→ WORK TASK
Pictures aside, can you reproduce the records word for word?

SOURCE RECORDS START

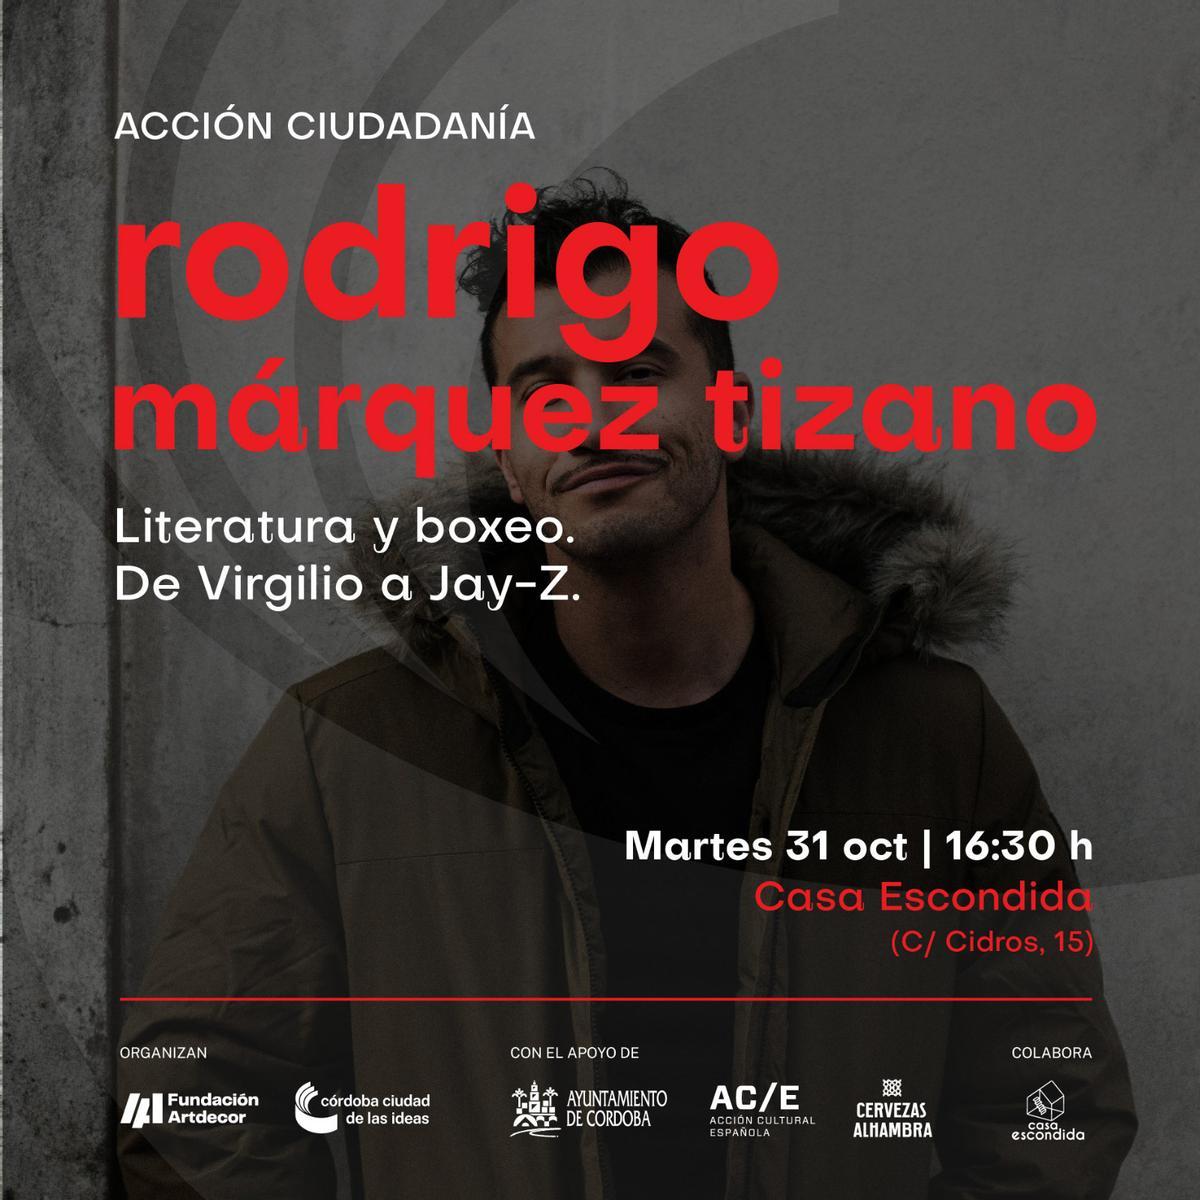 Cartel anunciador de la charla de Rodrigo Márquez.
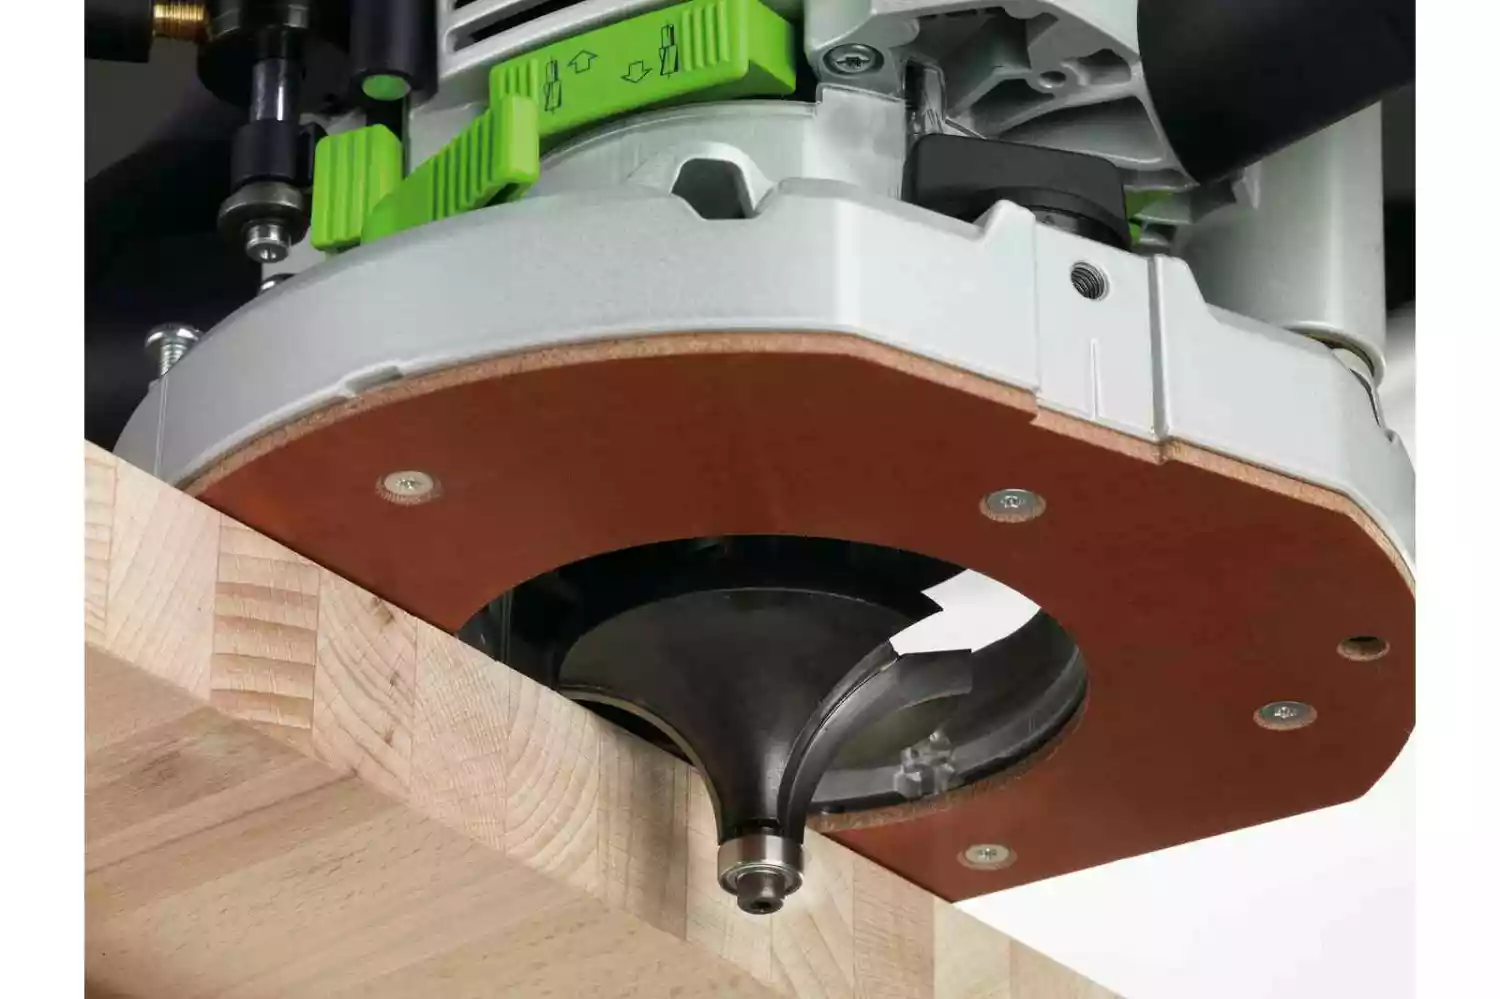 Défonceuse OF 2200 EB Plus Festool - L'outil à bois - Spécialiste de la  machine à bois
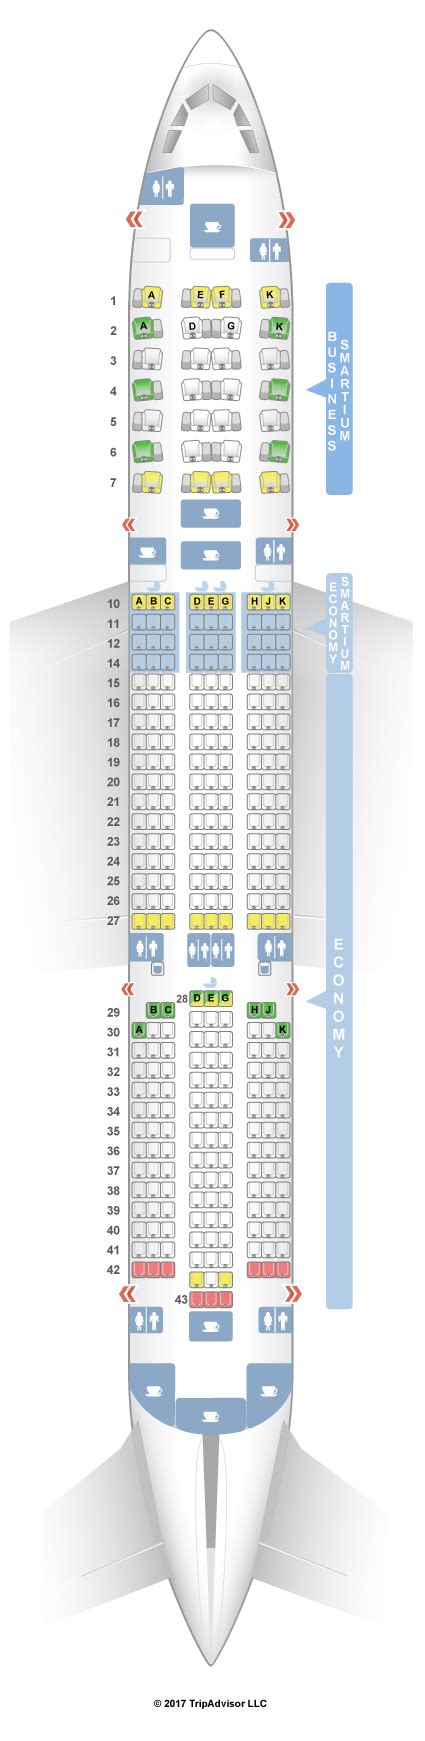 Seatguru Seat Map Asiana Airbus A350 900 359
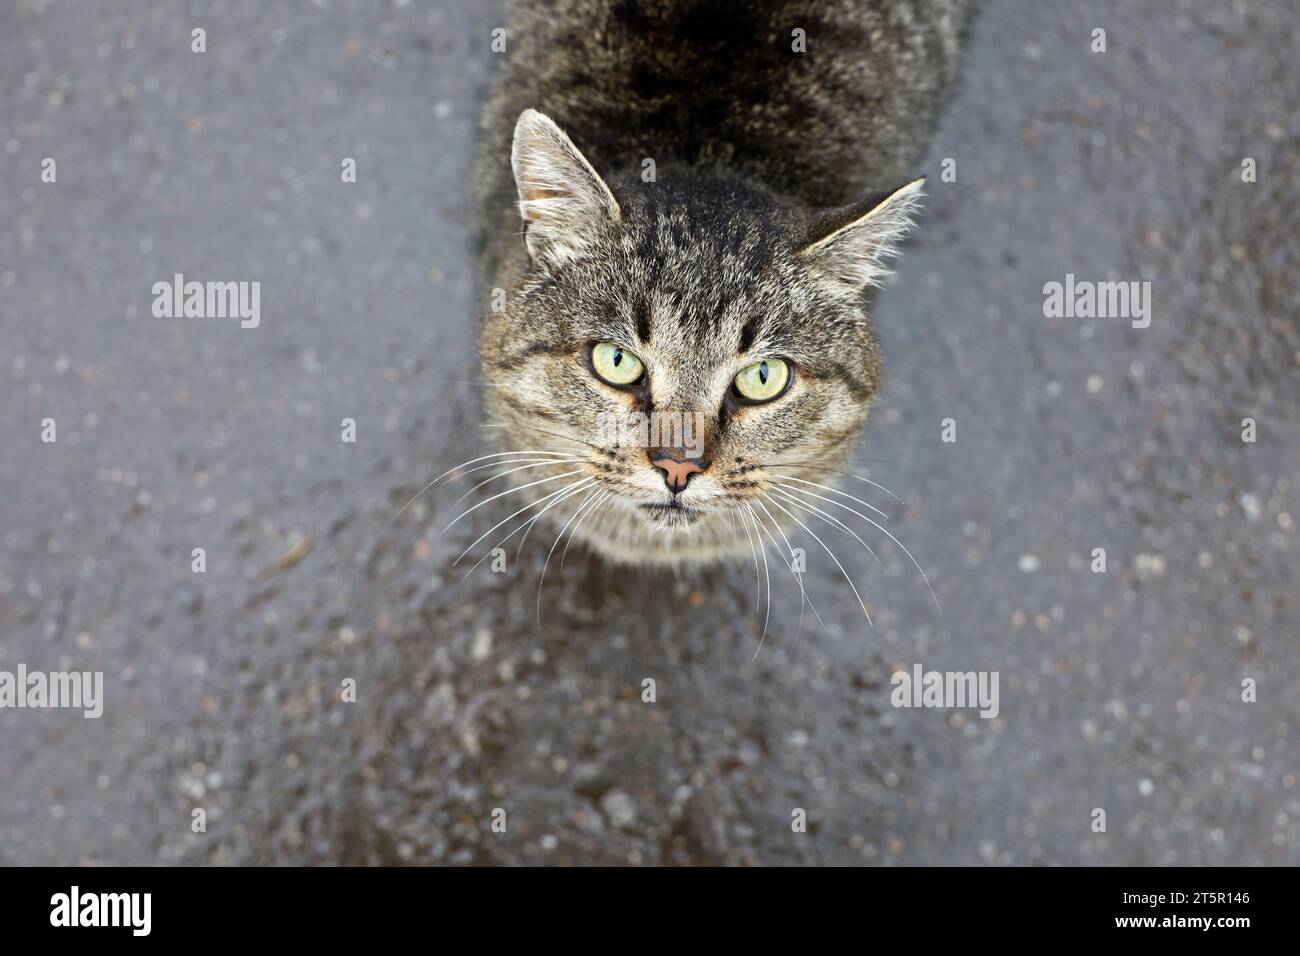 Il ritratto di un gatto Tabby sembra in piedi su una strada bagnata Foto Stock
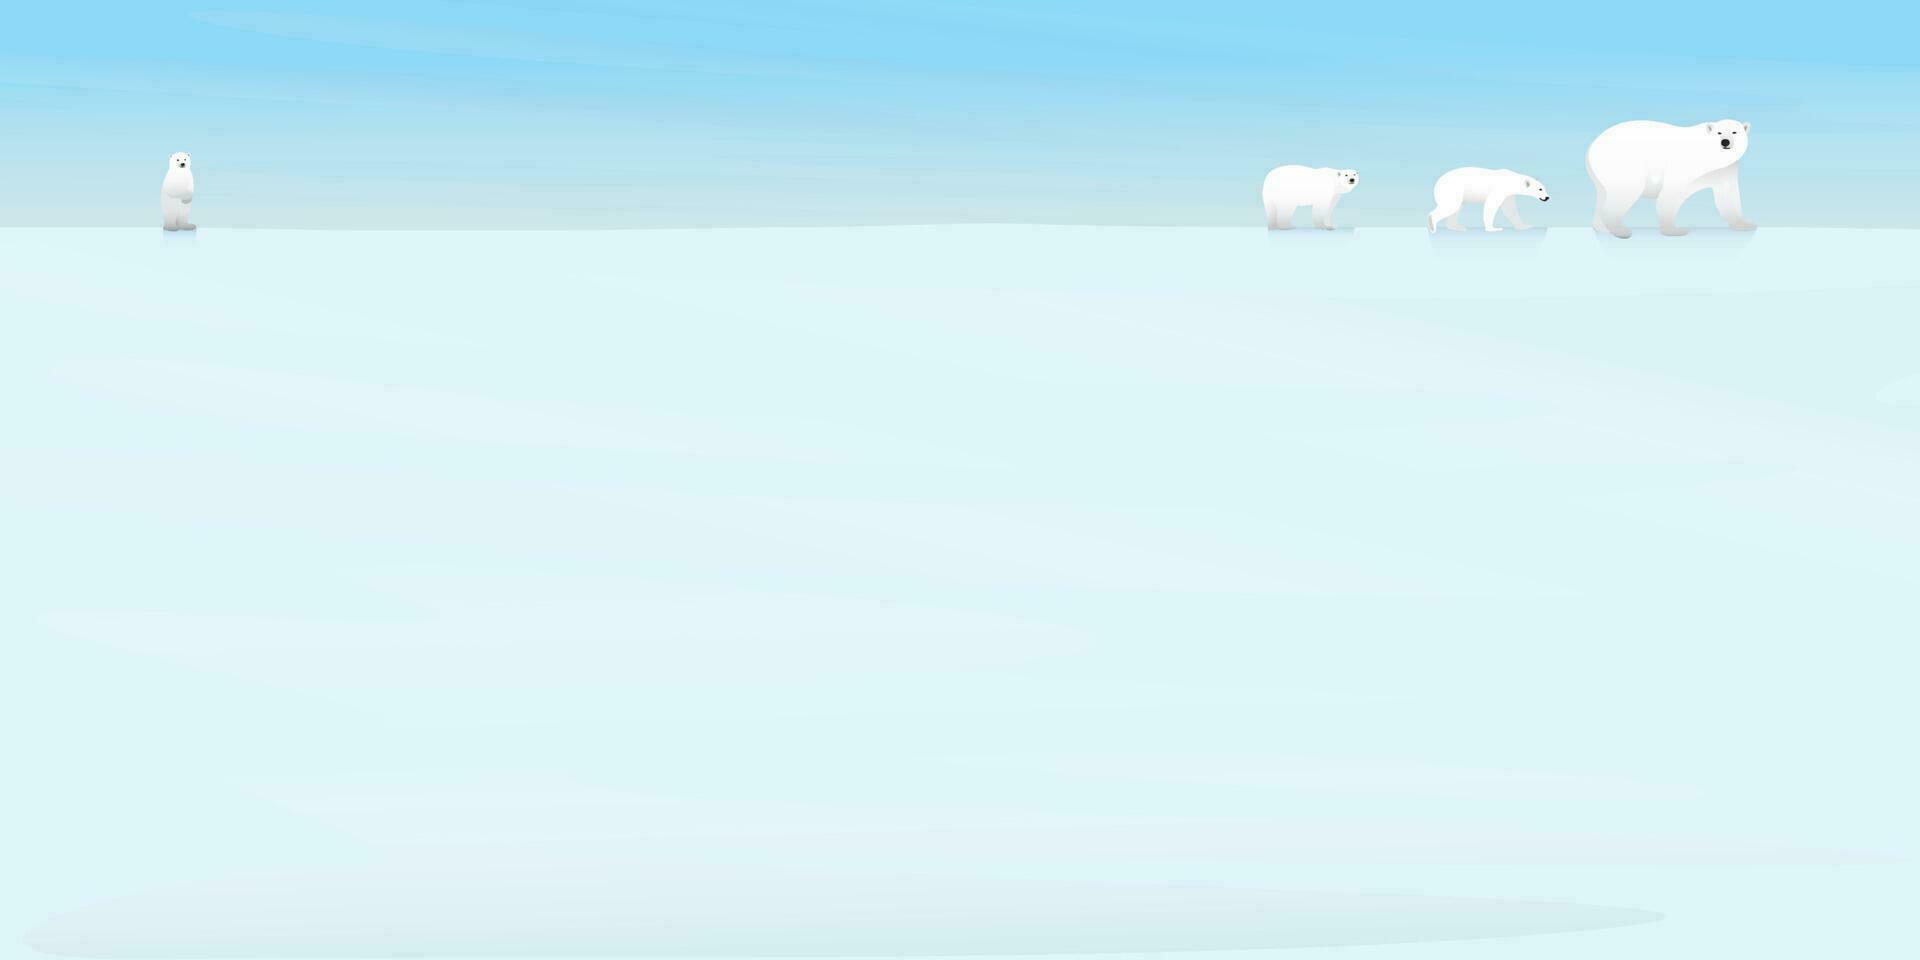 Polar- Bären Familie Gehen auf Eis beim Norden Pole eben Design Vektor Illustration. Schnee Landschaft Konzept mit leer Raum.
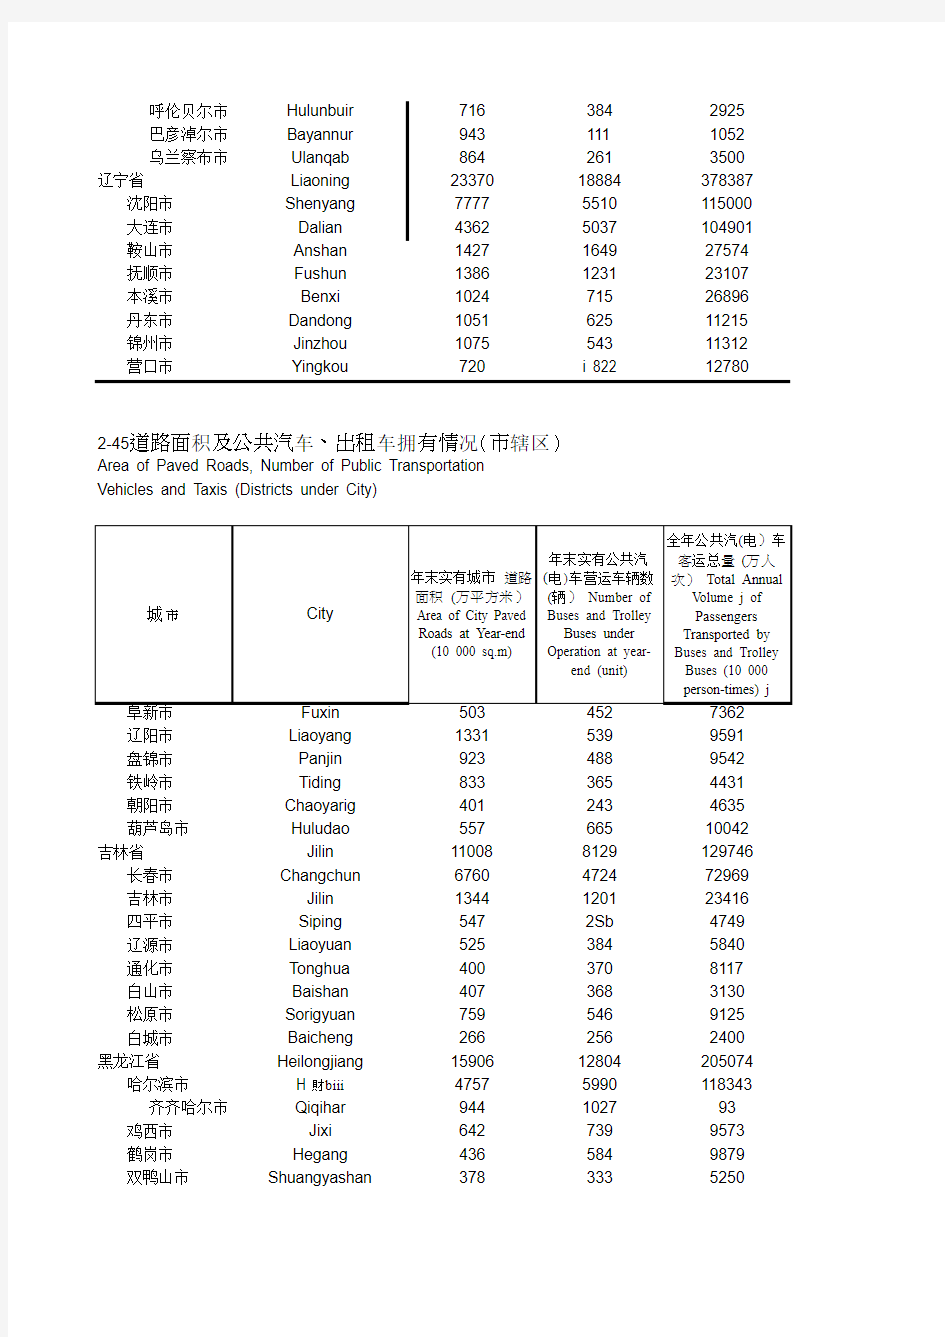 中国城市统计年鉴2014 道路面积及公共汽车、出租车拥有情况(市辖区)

SOURCE RECORDS END

→ RESPONSE BOX
 Cartel anunciador de la charla de Rodrigo Márquez.
 Défonceuse OF 2200 EB Plus Festool - L'outil à bois - Spécialiste de la  machine à bois
 Seatguru Seat Map Asiana Airbus A350 900 359
 Il ritratto di un gatto Tabby sembra in piedi su una strada bagnata Foto Stock
 Polar- Bären Familie Gehen auf Eis beim Norden Pole eben Design Vektor Illustration. Schnee Landschaft Konzept mit leer Raum.
 中国城市统计年鉴2014 道路面积及公共汽车、出租车拥有情况(市辖区)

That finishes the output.